Well, I guess -- but there aren't (or shouldn't be) any LFs *or* CRs in
the filenames of DLLs.  That's what has me stumped.

   read(fd, array[i].name, array[i].name_size)

returned success (or, at least, a non-negative value), but nothing was
stored in array[i].name.  That's one reason I switched to calloc for the
name strings; otherwise I was getting random junk (and possible segvs)
when printing the names.

>> When I say quick-n-dirty, I mean: lots of duplicated and only slightly
>> modified code from rebase.c.  There's room for code consolidation, so
>> this bit could be put off until later.
> 
> Right.  Especially all the db file information should go into a new
> header file.

Ack -- but that's for another patch. the Q is, add quick-n-dirty now,
then consolidate and reorganize later -- or reorganize first, and then
(or simultaneous with) adding the new developer's utility.  Either way,
doesn't matter to me.

>> +override CXX_LDFLAGS+=@EXTRA_CXX_LDFLAG_OVERRIDES@
> 
> Why is CXX_LDFLAGS necessary?  I see what you do but I can't imagine the
> msys compiler doesn't know -static-libstdc++.

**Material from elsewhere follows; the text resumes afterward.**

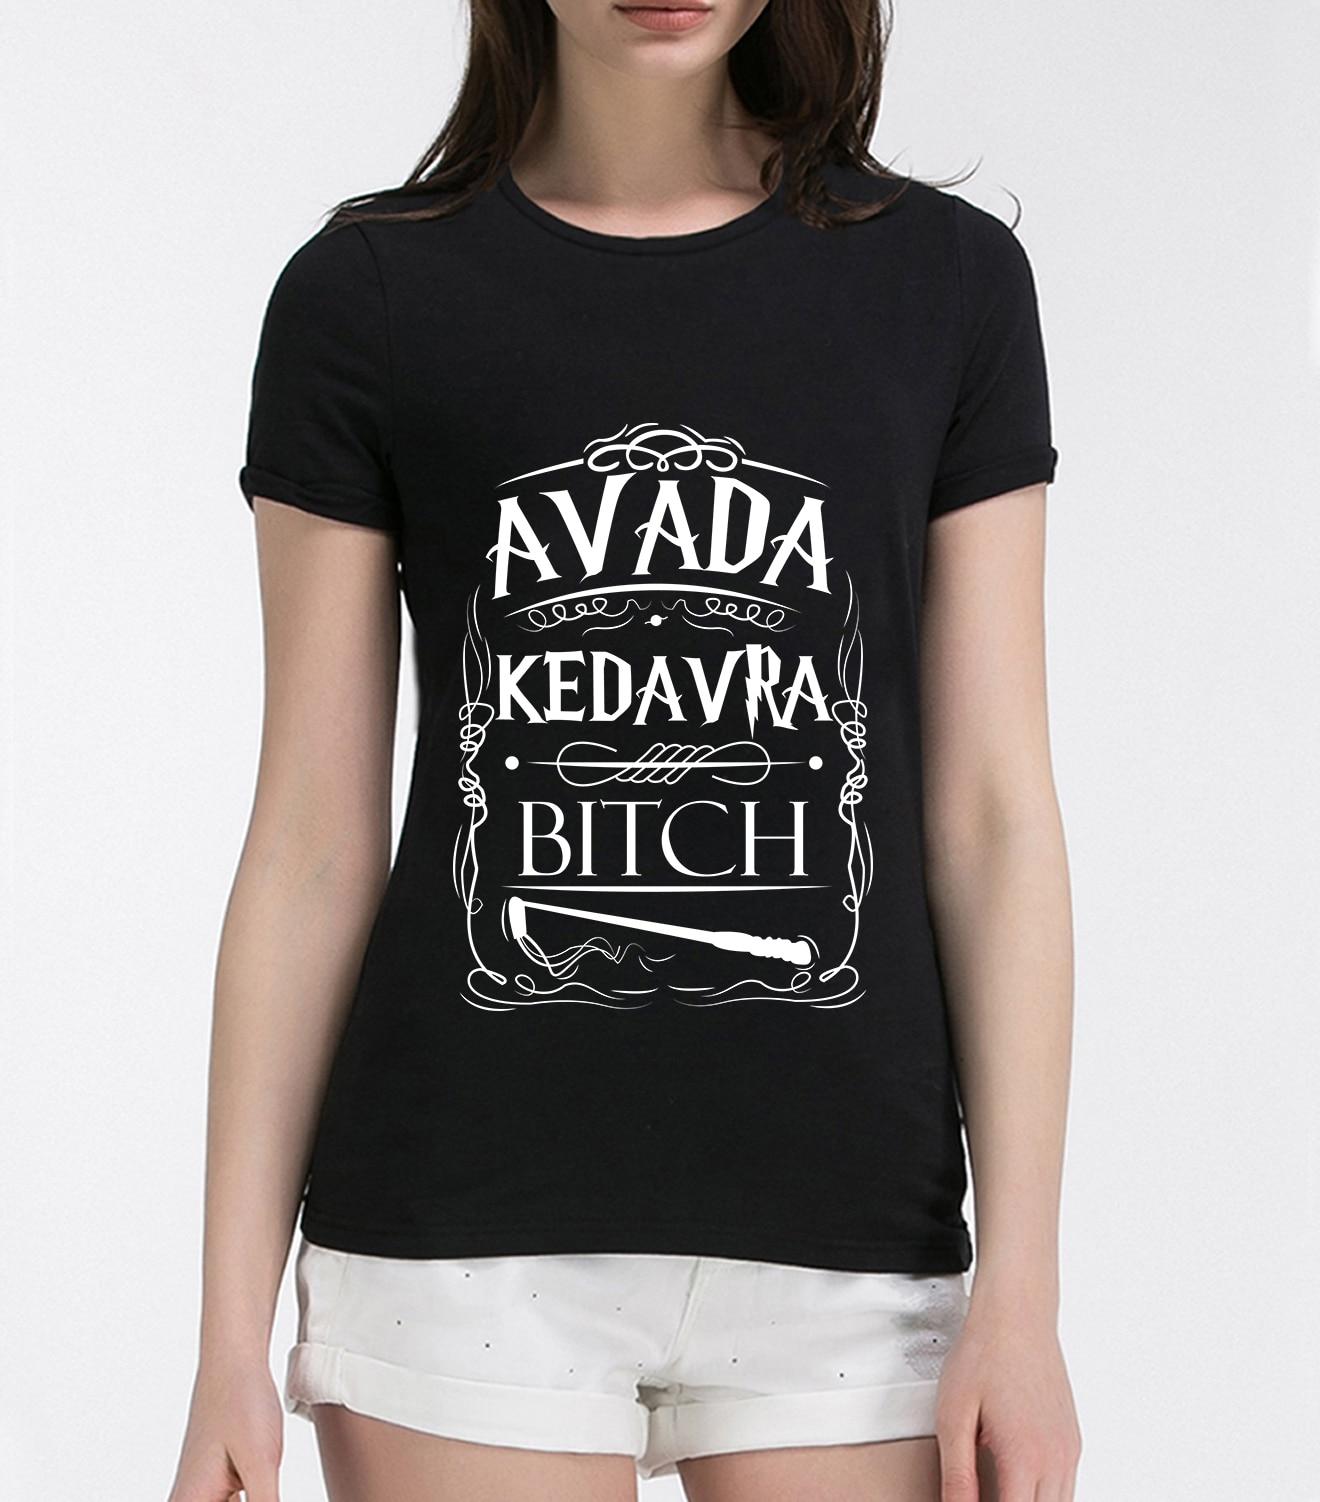 Camiseta Kedavra con letras impresas para mujer, camiseta a la moda de verano 2019 para mujer, camisetas divertidas de marca harajuku kawaii

That's precisely why. msys compiler is 3.4.x which supports only
-static-libgcc.

> I'll ignore the rebase-dump stuff for now.

Ack.

>> +  mingw|msys )
>> +    # Also exclude the commands we're using below, which is not ideal
>> +    /bin/ps -s | /bin/sed -e '1d' | /bin/awk '{print $NF}' |\
>> +      /bin/sed -e '/\/bin\/ps$/d'   -e '/\/bin\/ps\.exe$/d'  \
>> +               -e '/\/bin\/sed$/d'  -e '/\/bin\/sed\.exe$/d' \
>> +	       -e '/\/bin\/awk$/d'  -e '/\/bin\/awk\.exe$/d' \
>> +	       -e '/\/bin\/sort$/d' -e '/\/bin\/sort\.exe$/d' \
>> +	       -e '/\/bin\/uniq$/d' -e '/\/bin\/uniq\.exe$/d' \
>> +               -e '/\/bin\/dash$/d' -e '/\/bin\/dash\.exe$/d' |\
> 
> What's the reason to do that?  I don't see how that should be necessary.
> All the tools are used before peflags is called, so there's no problem
> to change them as well, just as on Cygwin.

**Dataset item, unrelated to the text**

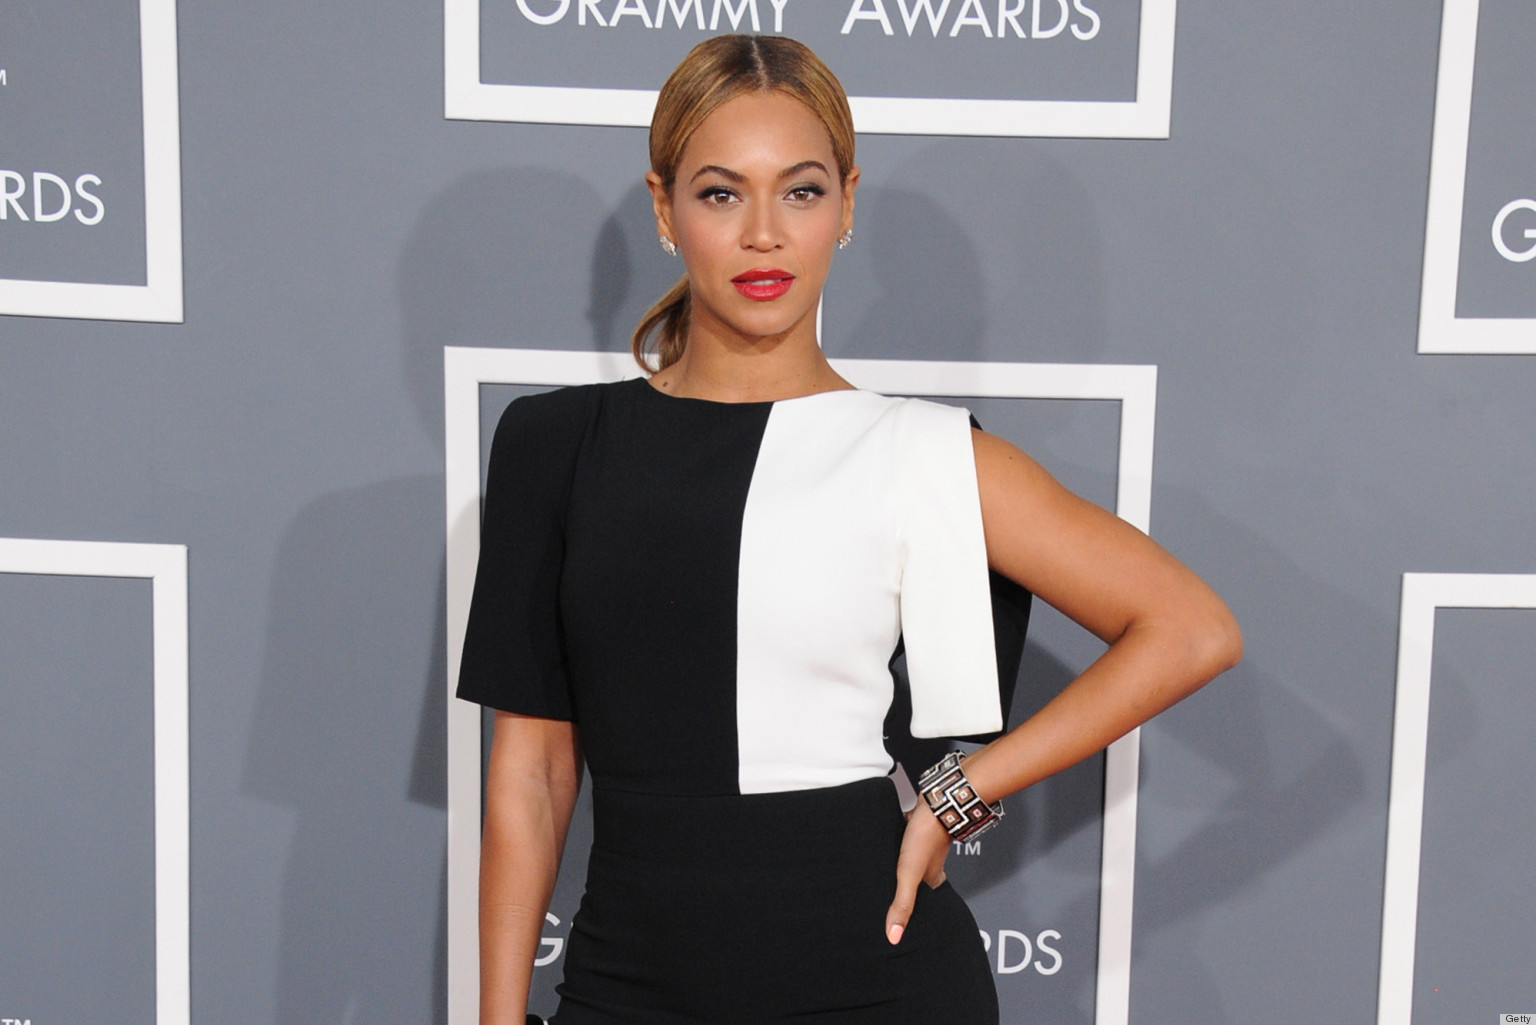 Grammys: Grammy Awards 2013 Best-Dressed Celebrities: From Rihanna

At one point, rebaseall had similar code, on cygwin, but then was later
changed to
	
    grep -E -q -i -v '/d?ash(.exe)?$' /proc/[0-9]*/exename

This "new" procedure omitted all the awk/sort/uniq stuff was because it
wasn't USING those tools anymore.  Then, the "new" code was copied into
peflagsall.

Since, on mingw|msys, I needed the "old" code in rebaseall (msys doesn't
have proc/*/exename), I simply duplicated the "old" code in peflagsall, too.

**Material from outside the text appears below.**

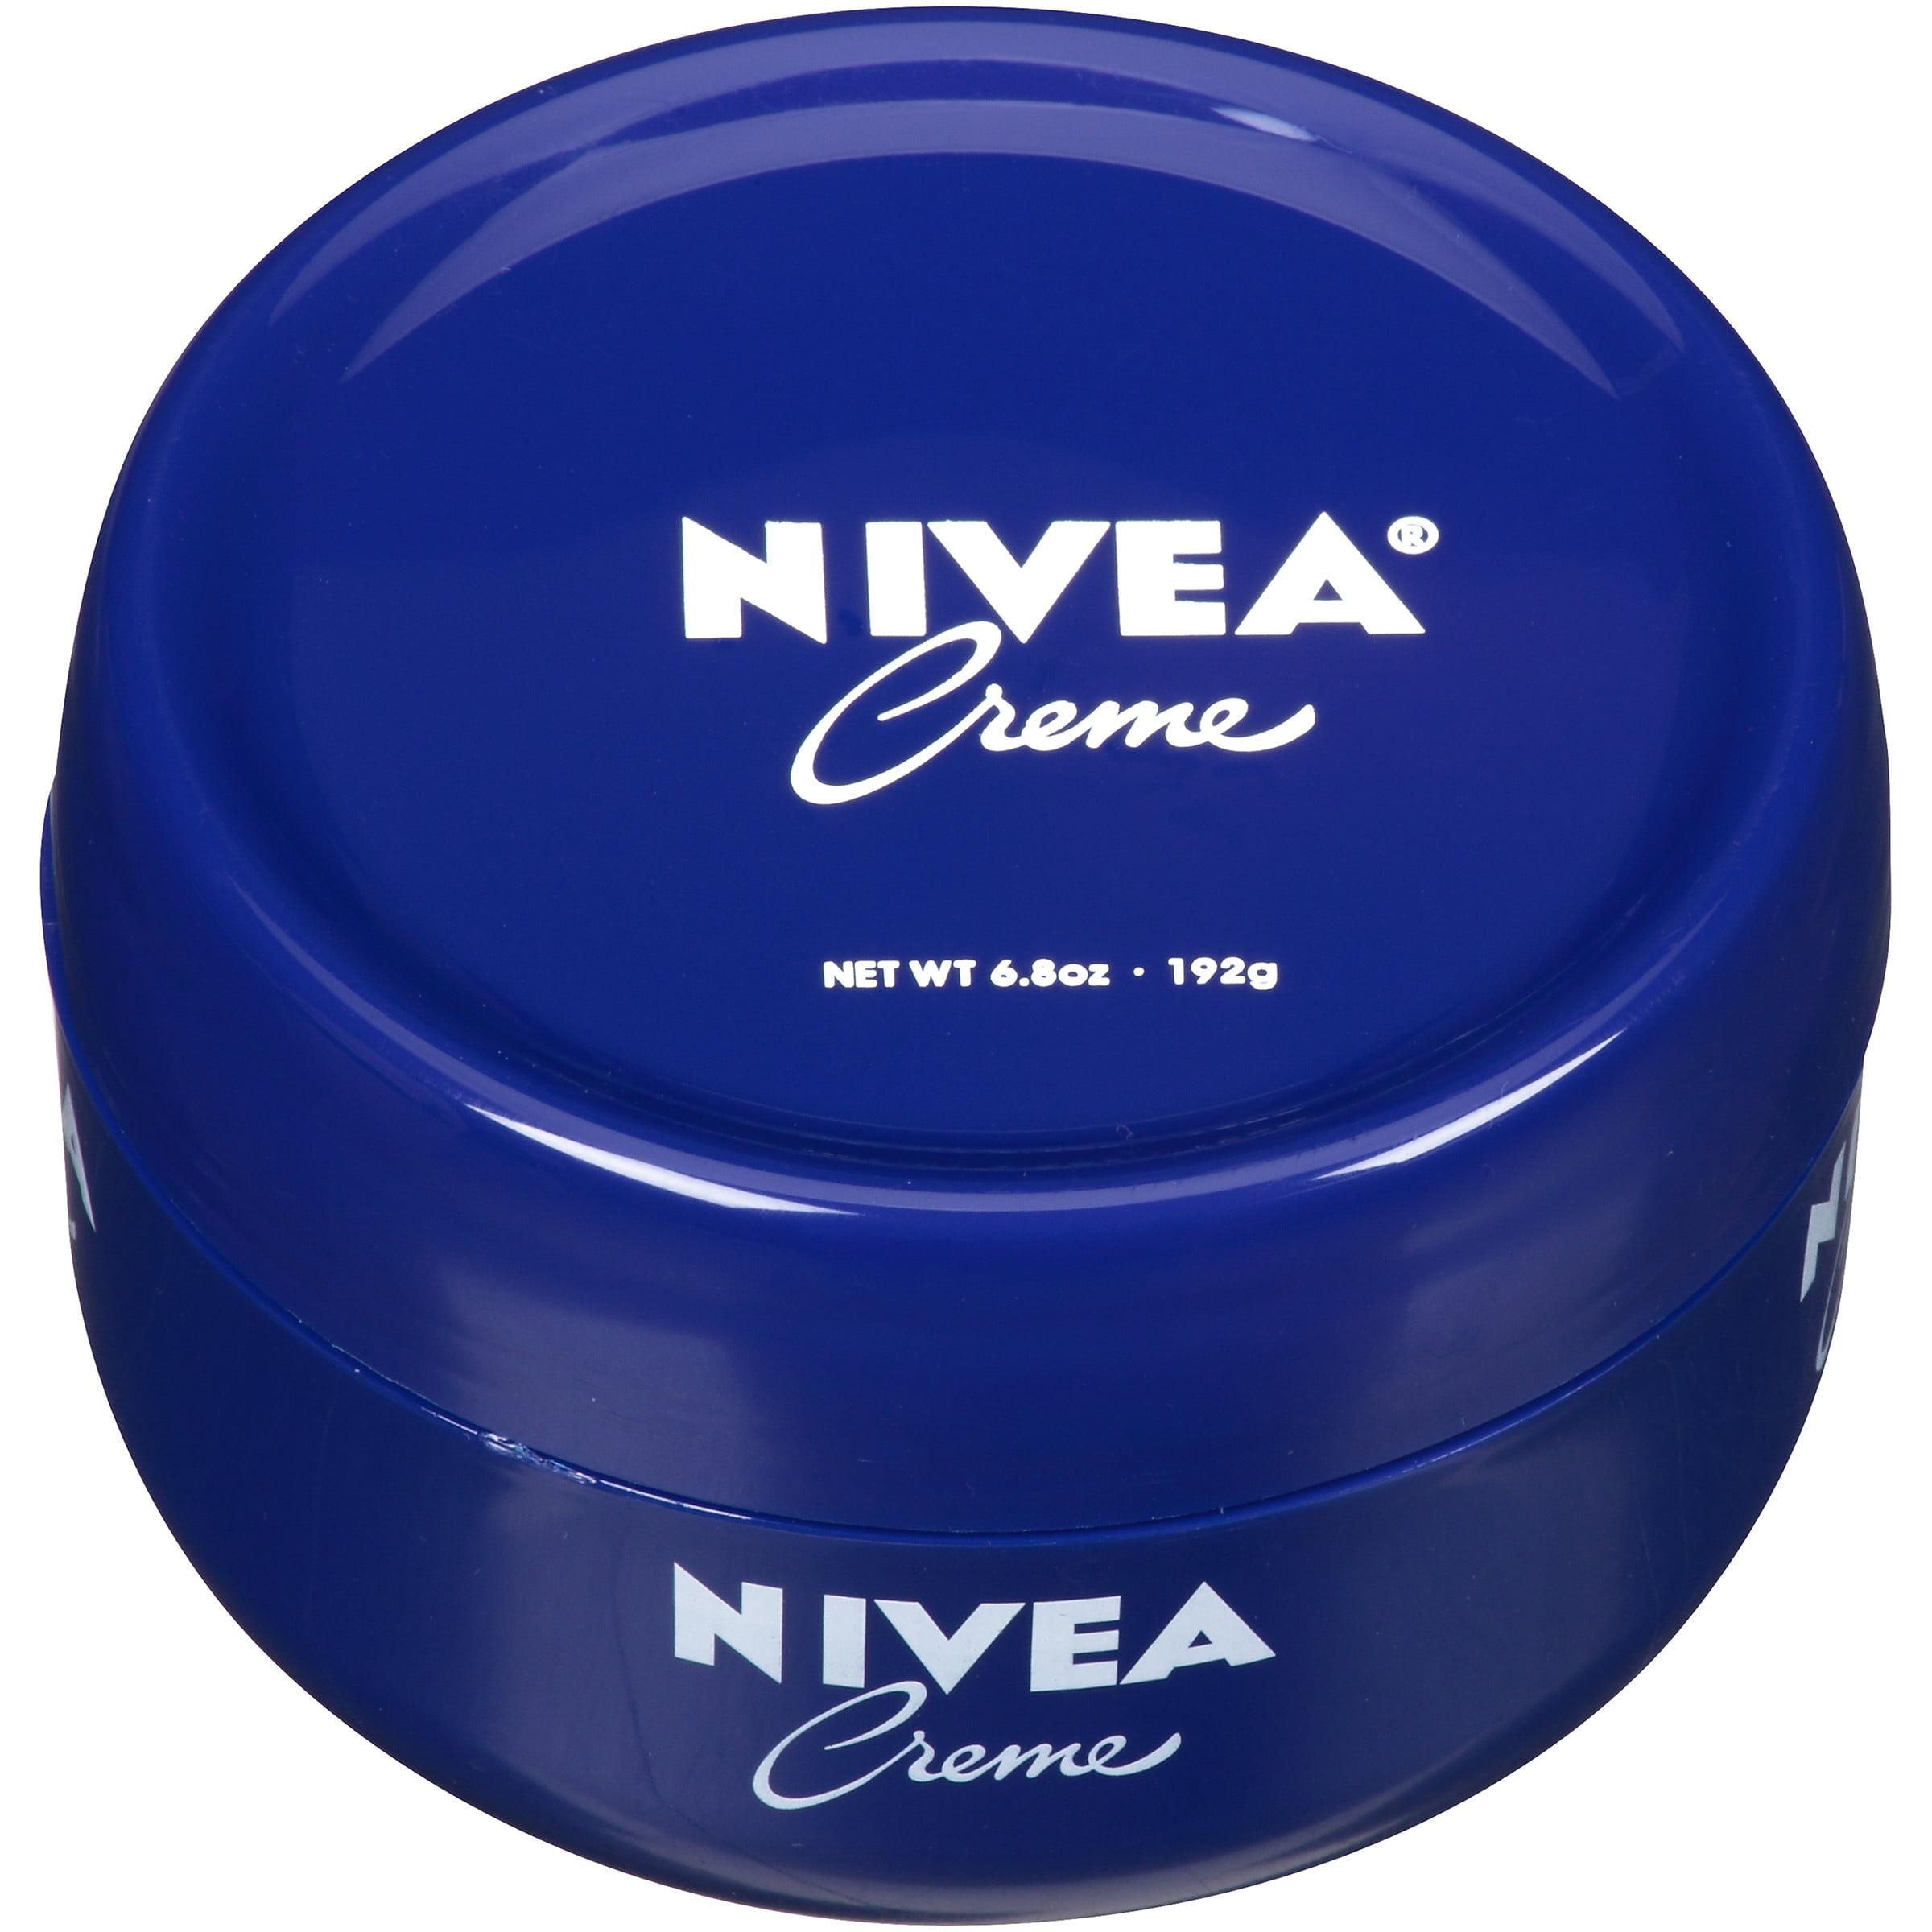 Nivea Creme, 6.8 oz - Walmart.com

However, I think this big sed expression *IS* needed, in both cases.
Here's why:

The point here is to cause the script (rebaseall OR peflagsall) to give
up if ANY cygwin/msys process is active other than [d]ash.  The reason
is, in each case, we're going to try to write to every DLL (or every
EXE) in the installation tree (except [d]ash, and
cygwin-1.dll/msys-1.0.dll, and a few others). Since we can't write to
in-use objects, we have to make sure that there AREN'T any in-use
objects -- e.g. no other cygwin/msys processes *except* those that we
"know" about.

Since the procedure, on msys, to detect processes requires at minimum
ps.exe, awk, and dash, we have to 'sed-out' those three applications --
and sed.exe itself -- to avoid 'false positives'.  (uniq and sort are
cosmetic, but if we use 'em, then we need to sed them out too).

>> Index: rebase.c
>> ===================================================================
>> RCS file: /cvs/cygwin-apps/rebase/rebase.c,v
>> retrieving revision 1.6
>> diff -u -p -r1.6 rebase.c
>> --- rebase.c	21 Jul 2011 19:10:04 -0000	1.6
>> +++ rebase.c	22 Jul 2011 23:59:09 -0000
>> @@ -50,6 +56,10 @@ FILE *file_list_fopen (const char *file_
>>  char *file_list_fgets (char *buf, int size, FILE *file);
>>  int file_list_fclose (FILE *file);
>>  void version ();
>> +#if defined(__MSYS__)
>> +/* MSYS has no strtoull */
>> +unsigned long long strtoull(const char *, char **, int);
>> +#endif
> 
> Does it have strtoll?  It should have since the function is available
> in Cygwin since October 2001, which means it was available in Cygwin
> 1.3.4 already.  Msys has been forked after that, afaics.
> 
> So, if we have strtoll, you could simply use that and cast the result to
> uint64_t, rather than to paste some external strtoull implementation.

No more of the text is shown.